Posted by Jamie Alessio on 02/17/05 19:22

> Is there anyone on this list who has written fast and decent
> crawlers in PHP who would be willing to share their experiences?
>
My first inclination would be to use an existing crawler to grab the
pages and store all the files locally (even if only temporarily). Then,
you can use PHP to do whatever type of processing you want on those
files and can even have PHP crawl deeper based on links in those files
if necessary.
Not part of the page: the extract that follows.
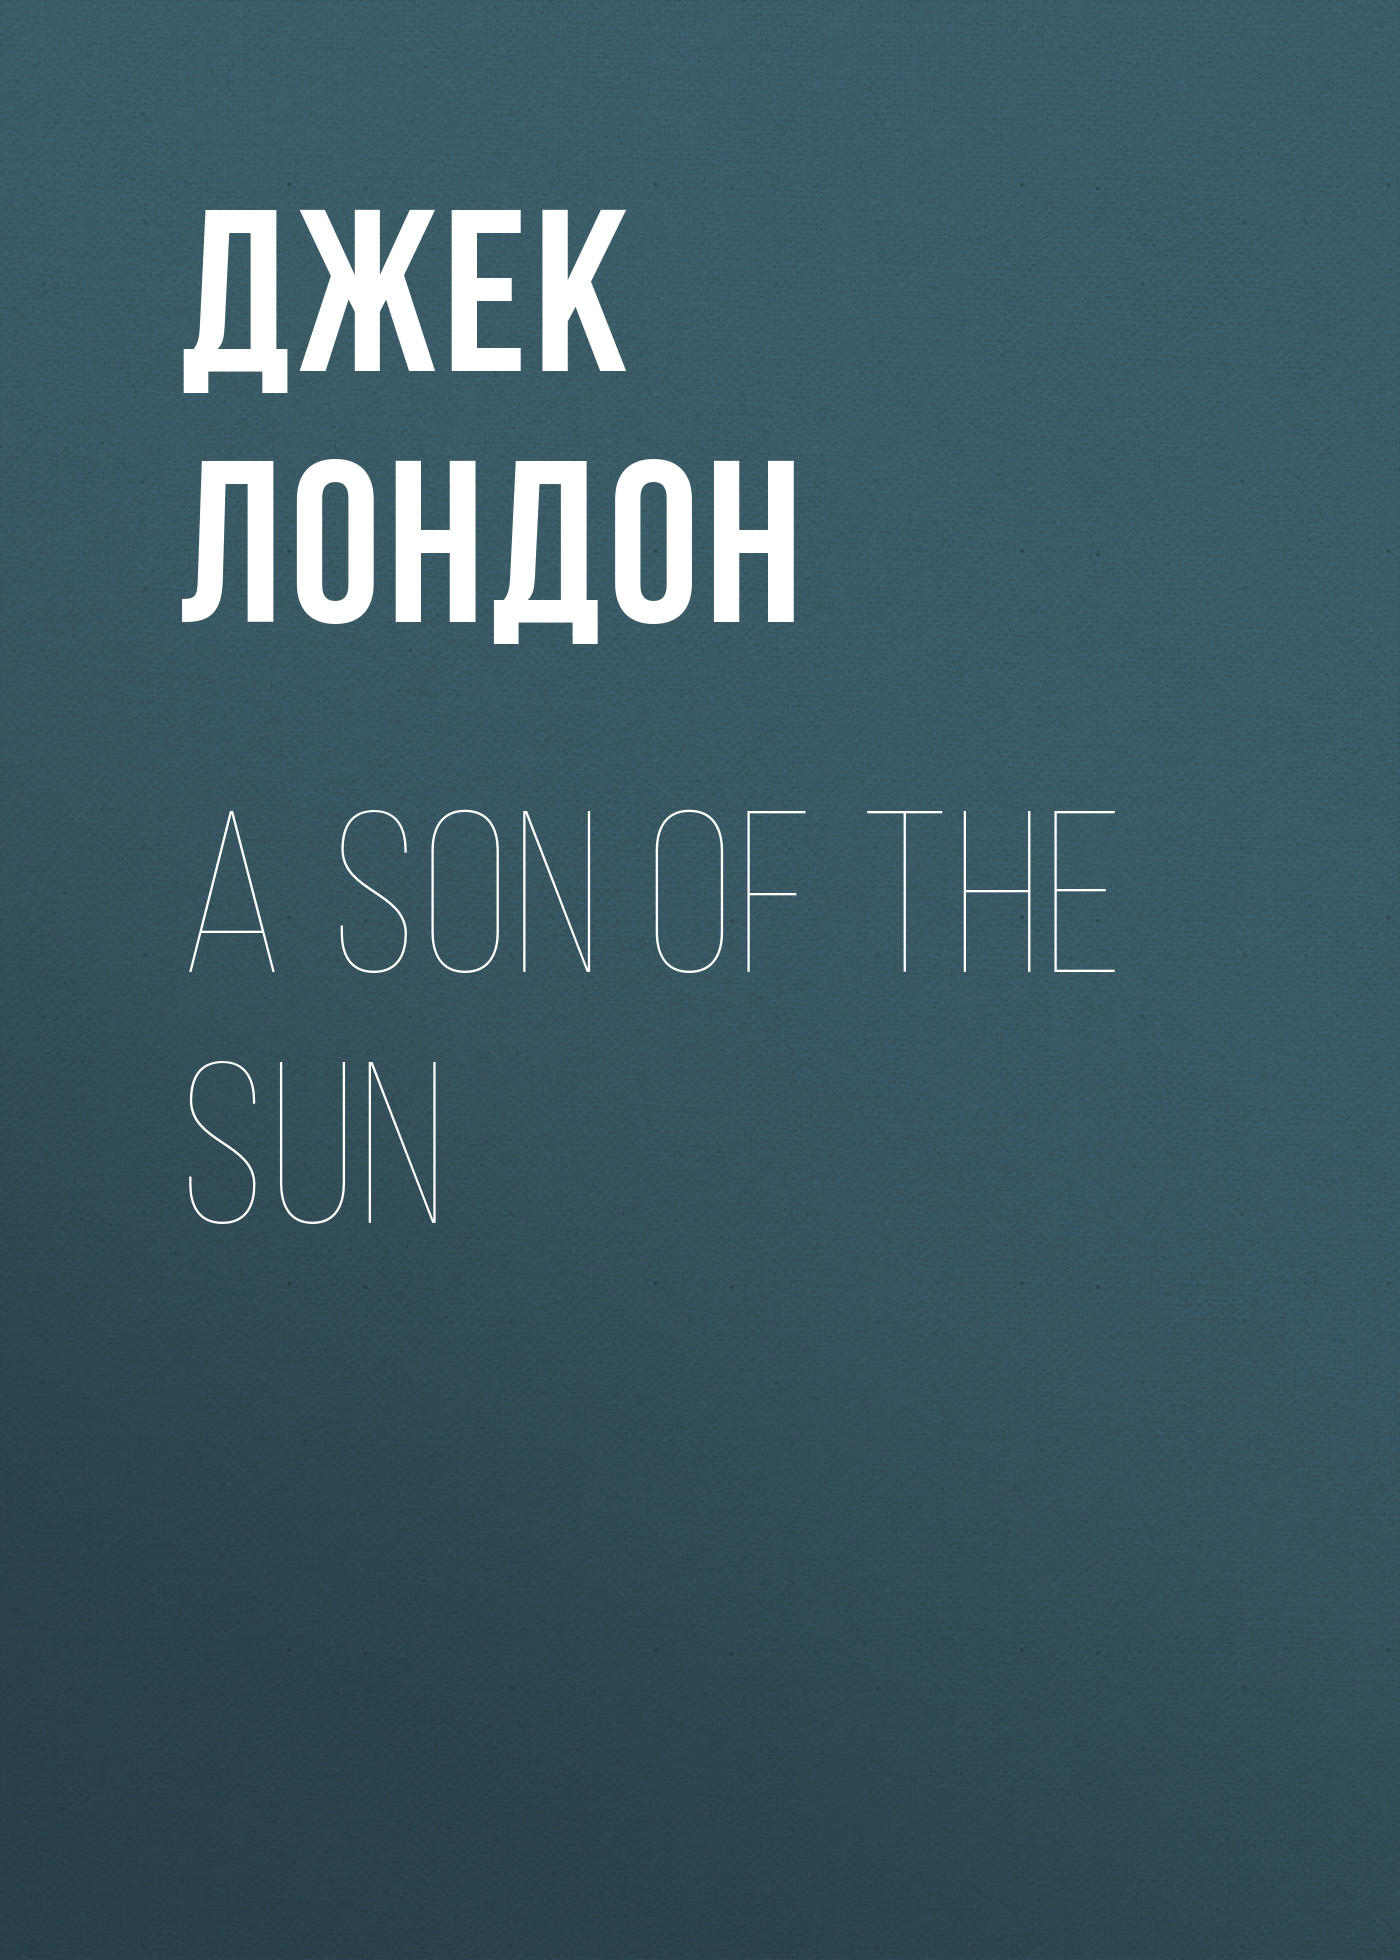 Книга A Son Of The Sun из серии , созданная Джек Лондон, может относится к жанру Зарубежная старинная литература, Зарубежная классика. Стоимость электронной книги A Son Of The Sun с идентификатором 25291726 составляет 0 руб.
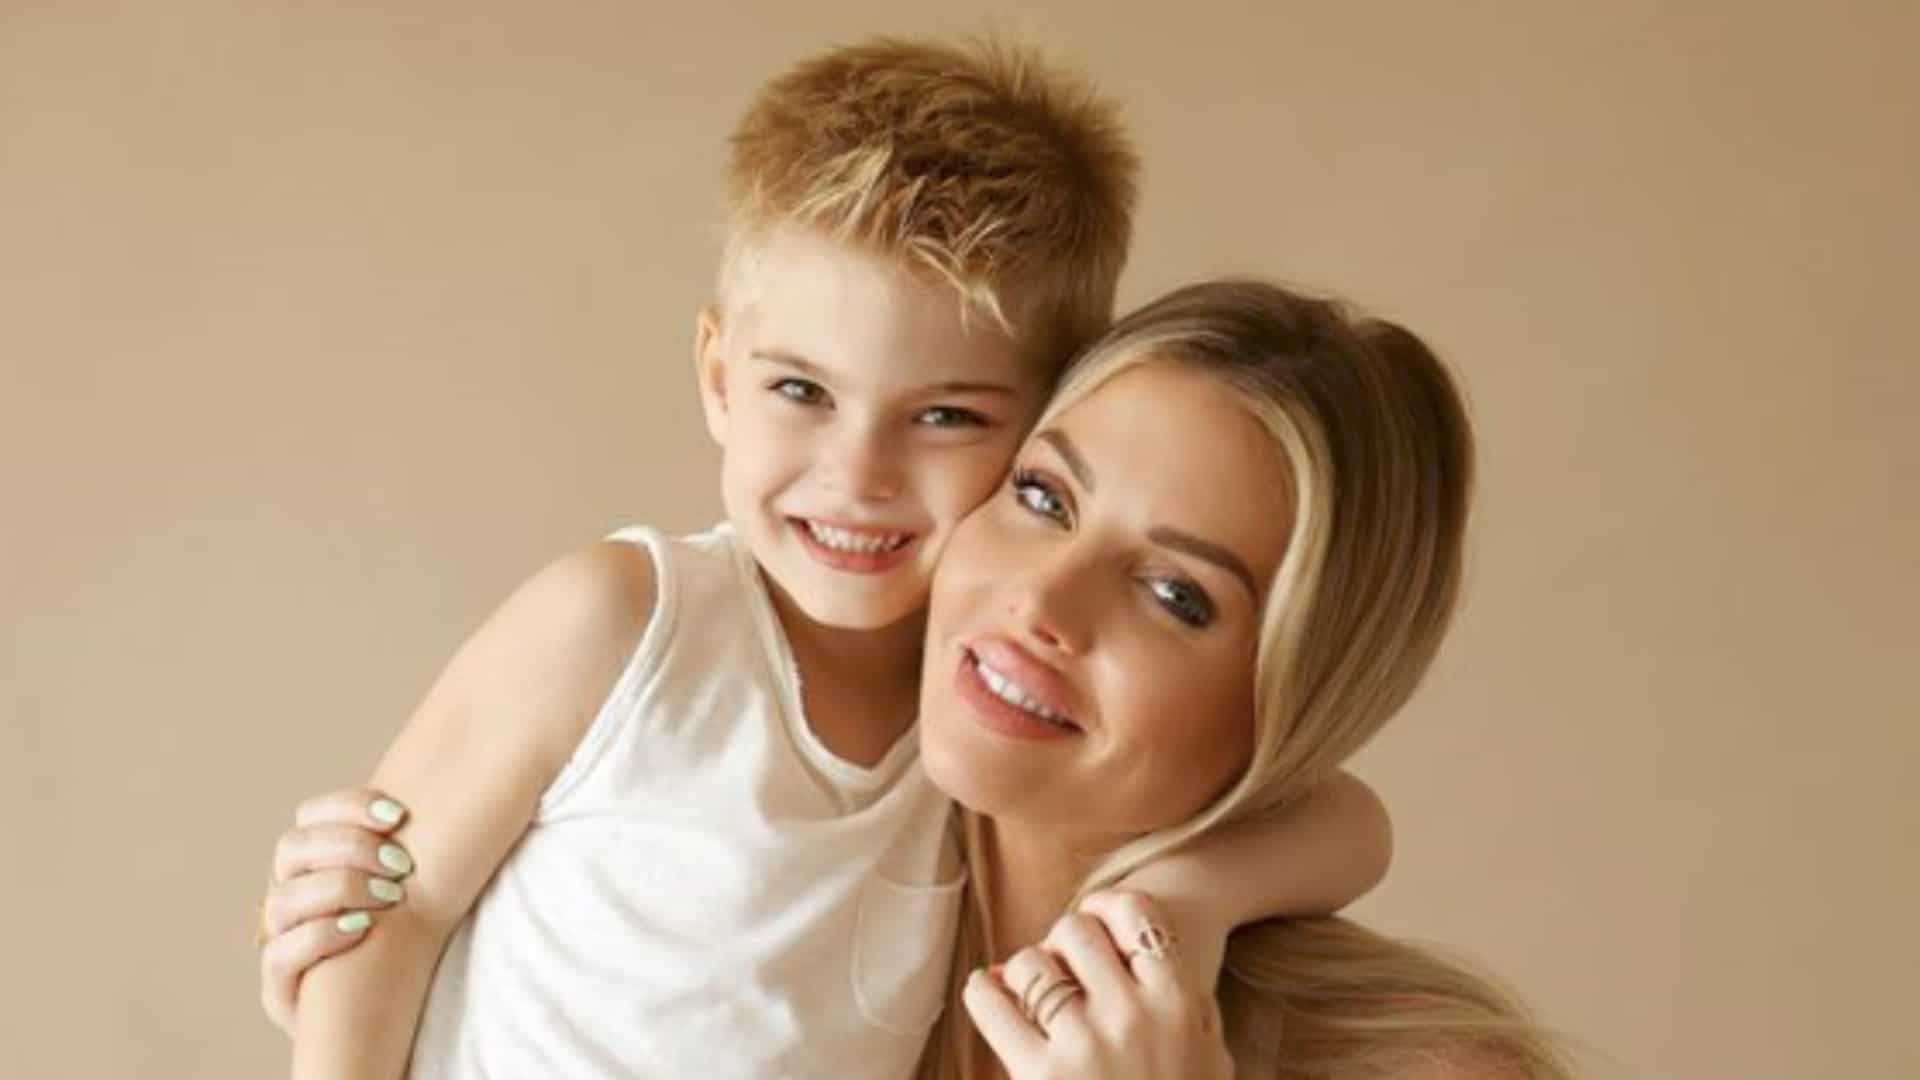 'Ne jamais traiter un enfant de...' : Jessica Thivenin vivement critiquée par les internautes après avoir grondé son fils

I'd have a hard time coming up with a reason to think I
would implement a better web crawler on my own than is already available
from other projects that focus on that. What about existing search
systems like:

Nutch - http://www.nutch.org
mnoGoSearch - http://mnogosearch.org/
htdig - http://www.htdig.org/
or maybe even a "wget -r" - http://www.gnu.org/software/wget/wget.html
(I'm sure I missed a bunch of great options)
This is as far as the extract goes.